Jest podejrzany o to, że potrącił kobietę na pasach i uciekł z miejsca wypadku. Gdy 37-latek pojawił się w komendzie, miał w organizmie 2,5 promila alkoholu. Policjantom miał powiedzieć, że myślał, iż potrącił psa. Zielonogórscy funkcjonariusze wyjaśniają okoliczności wypadku.
Policjanci z Zielonej Góry (woj. lubuskie) zatrzymali 37-letniego kierowcę, który jest podejrzany o to, że potrącił kobietę i zamiast udzielić jej pomocy, uciekł z miejsca wypadku.

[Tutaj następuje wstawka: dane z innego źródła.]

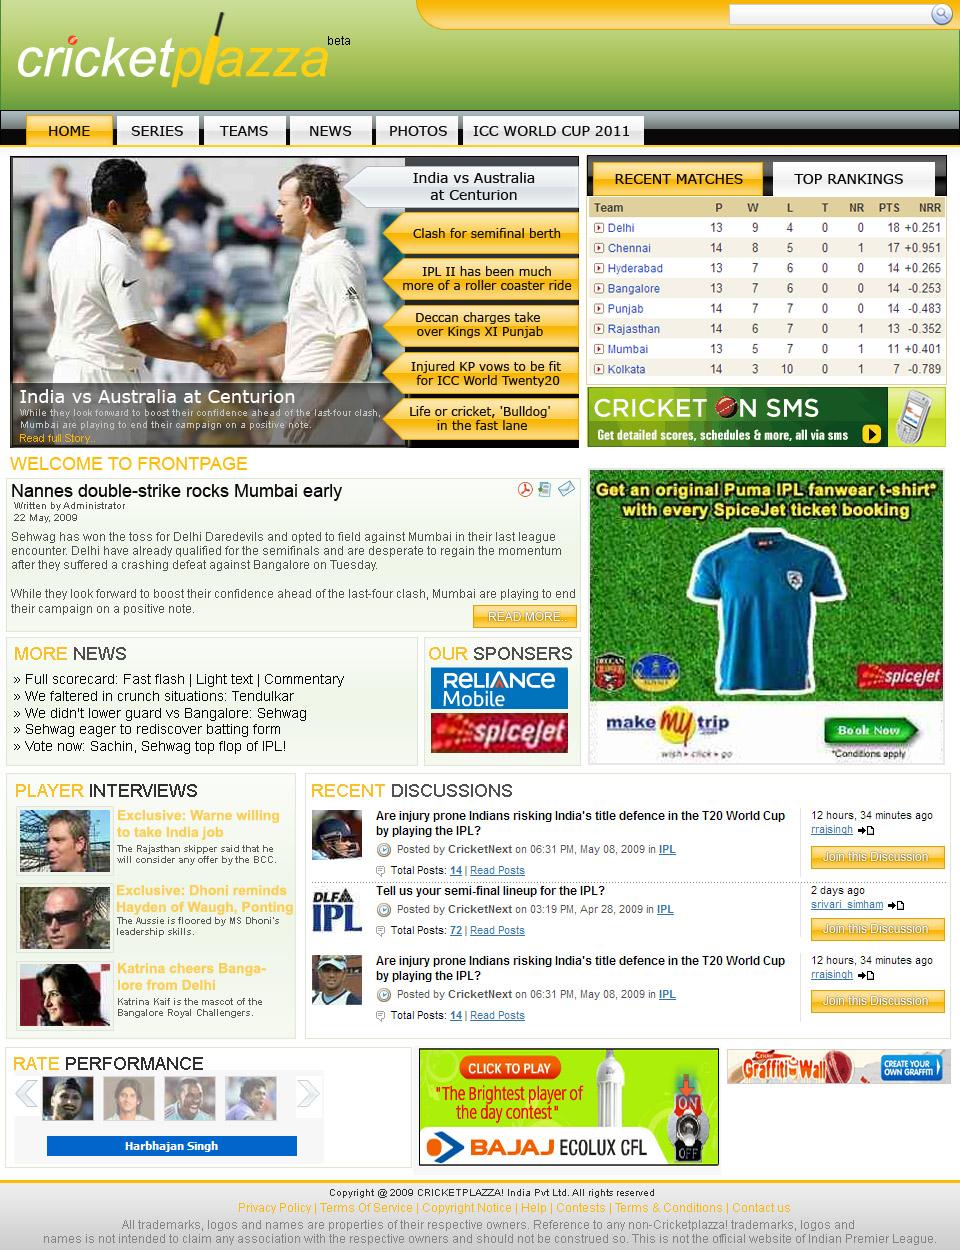 cricket news website template by baltejsingh on deviantart. Black Bedroom Furniture Sets. Home Design Ideas

Do zdarzenia doszło w poniedziałek na wyznaczonym przejściu dla pieszych na ul. Batorego.
- O tej sytuacji poinformowali nas świadkowie. Sprawca nawet się nie zatrzymał. 32-letnia kobieta z poważnymi obrażeniami trafiła do szpitala, natomiast policjanci rozpoczęli poszukiwania kierowcy - poinformowała podinspektor Małgorzata Stanisławska, rzecznik zielonogórskiej policji.
Miał 2,5 promila alkoholu w organizmie
Jeszcze tego samego dnia 37-letni mieszkaniec Zielonej Góry sam zgłosił się na komendę. Badanie na zawartość alkoholu w organizmie wykazało, że mężczyzna miał wówczas 2,5 promila.
- Na pytanie, dlaczego odjechał z miejsca zdarzenia, pozostawiając ranną kobietę, wyjaśnił policjantom, że nie był świadomy tego, co się stało. Myślał, że potrącił psa. 37-latek został zatrzymany - dodaje Stanisławska.
Mężczyzna prawdopodobnie odpowie za spowodowanie wypadku drogowego po pijanemu oraz ucieczkę z miejsca zdarzenia.